Karakterlerin ölmesi her zaman üzücüdür. (Yada en azından üzücü olmalıdır. Değilse o bir hikaye değil, masa da sohbet olmuştur. Boardgame falan gibi diye düşünüyorum. İnsanlar eğlendikten sonra kimin umurunda tabi de, konumuz FRP hikayesi malum.)
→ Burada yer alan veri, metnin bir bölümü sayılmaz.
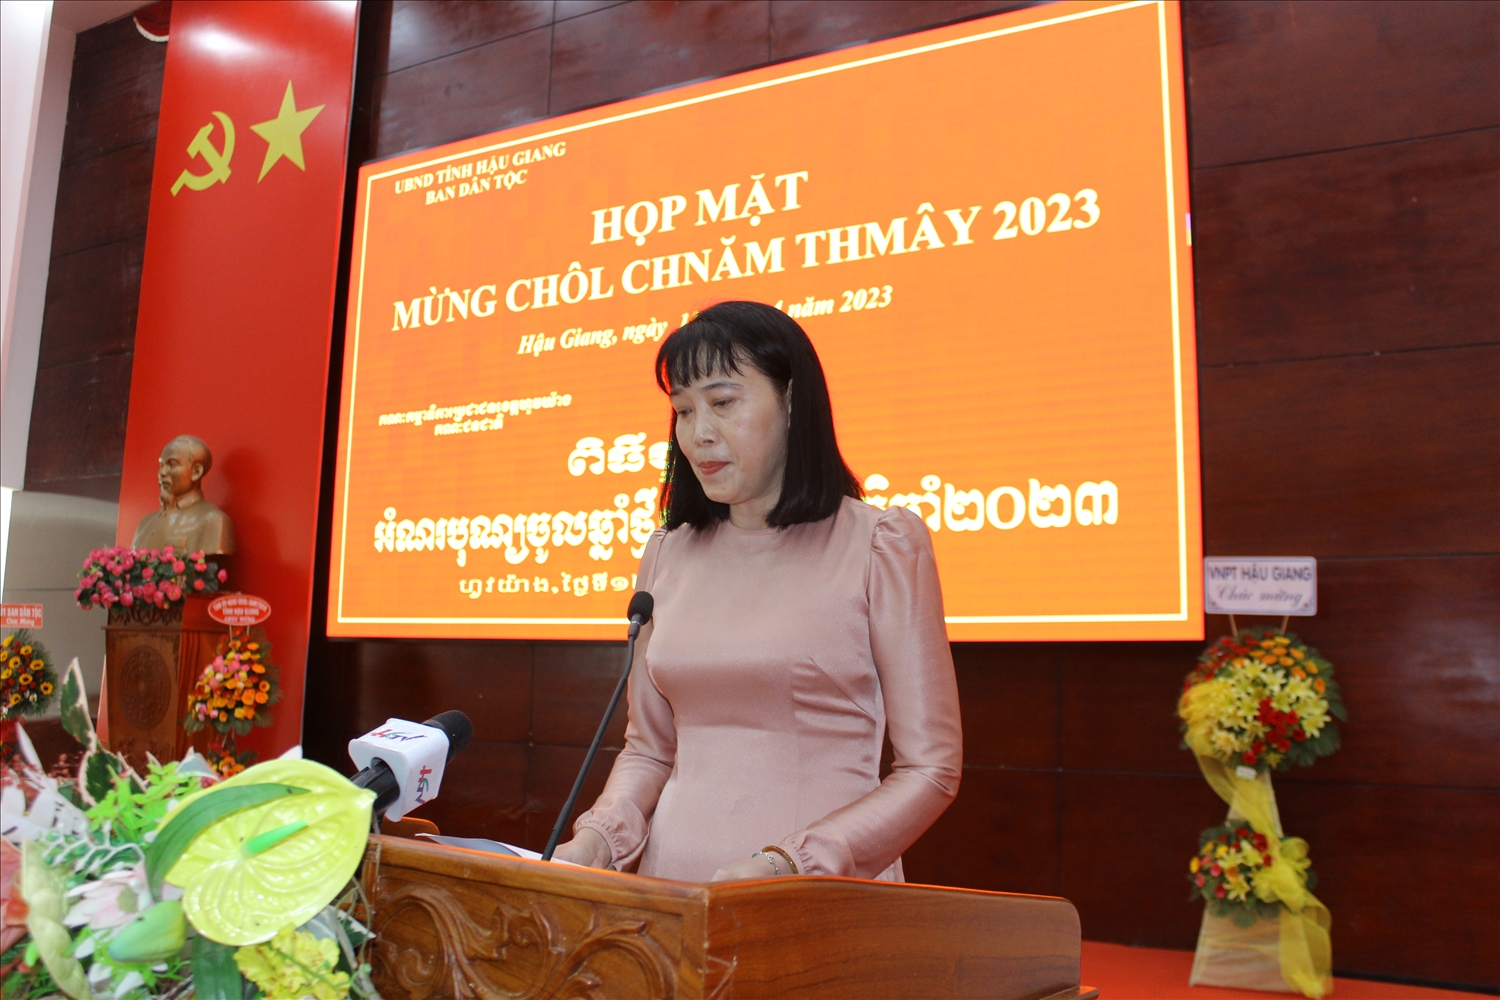 Bà Hồ Thu Ánh, Phó Chủ tịch UBND tỉnh phát biểu tại buổi họp mặt mừng Chôl Chnăm Thmây 2023 
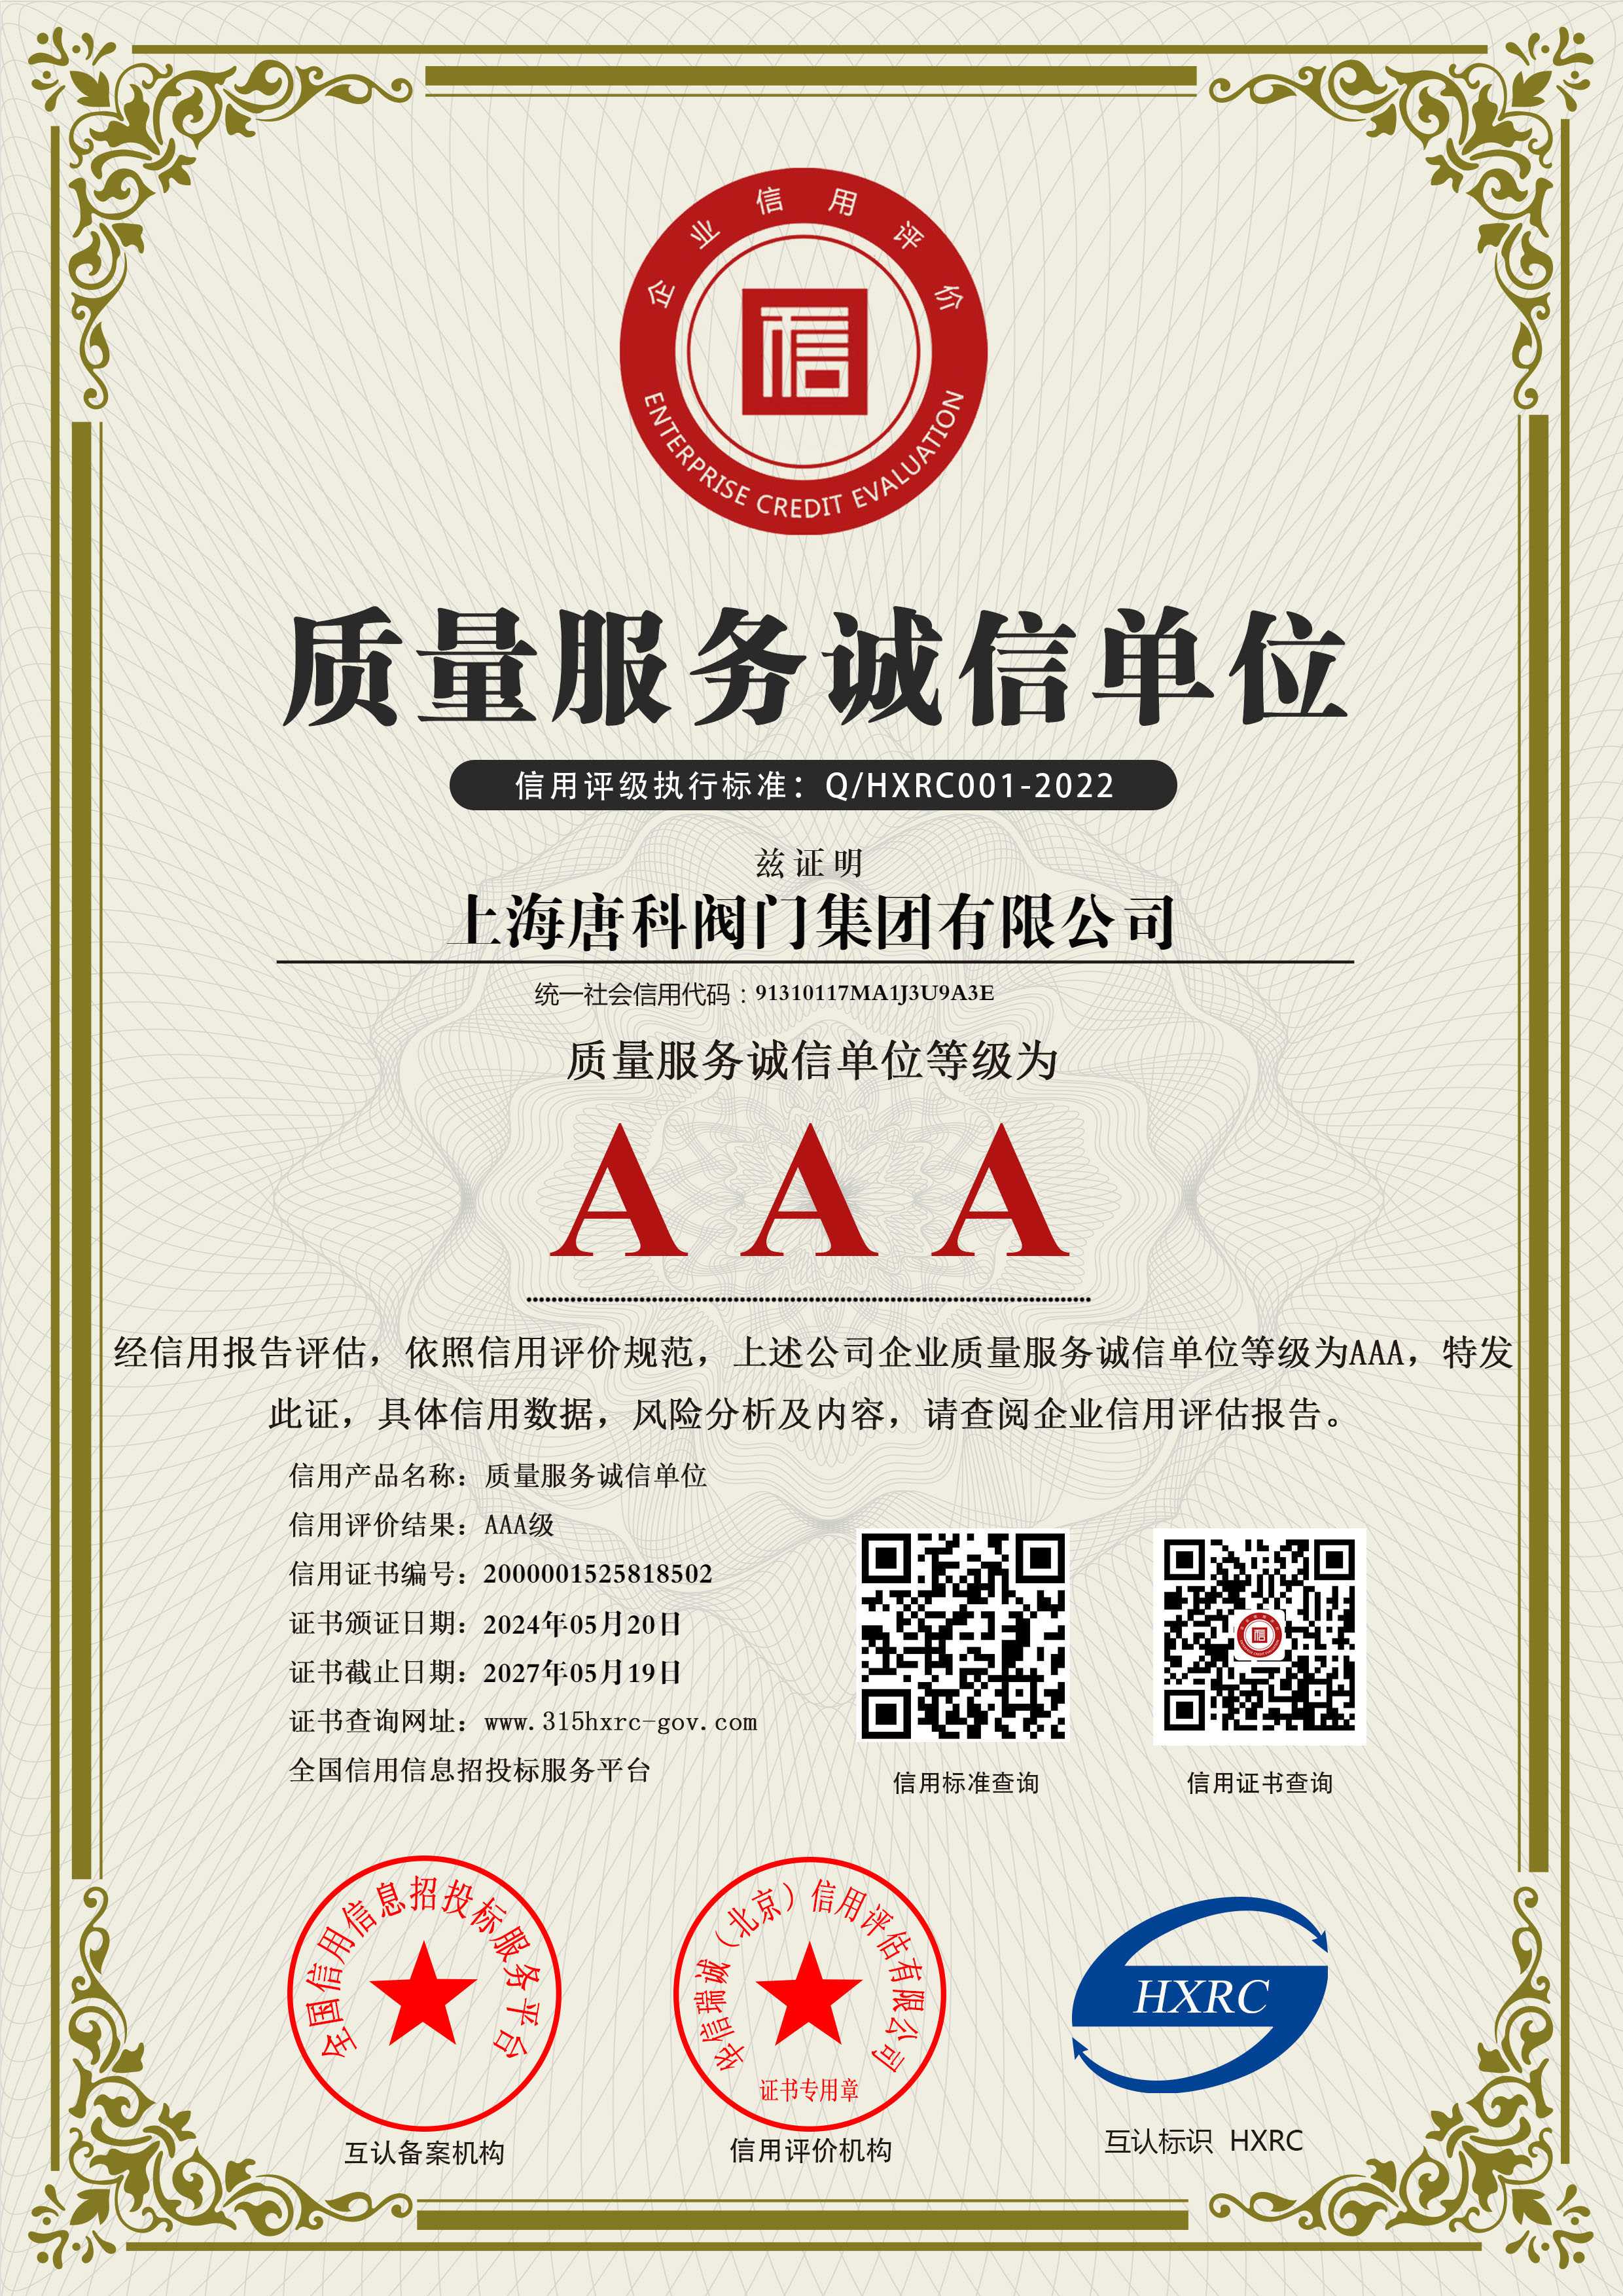 8 上海唐科閥門集團有限公司-AAA級質量服務誠信單位-新版

Oyuncular hikayeyi ve daha önemlisi karakterlerini sevsinler diye çok uğraşıyorum. İyi hikayeler, iyi mücadeleler, elle tutulur zaferler sunmaya, anlatmaya çalışıyorum. Karakterler derinleşsin diye hikayelere unsurlar ekliyorum falan. Nispeten de başarılı olduğumu düşünüyorum. Karakter ölünce de bayağı üzülüyorum. Oyuncu bir uğraşmışsa ben üç uğraş kaybetmiş oluyorum hani. Diğer taraftan asla geri durmuyorum. Yani bu sefer ölmesin de demiyorum. Biliyorum ki o gün, o oyuncuya verilen o yalan, tüm oyun hikayesinde kara bir leke gibi duracak ve sonra dönüp bakınca hep gözükecek.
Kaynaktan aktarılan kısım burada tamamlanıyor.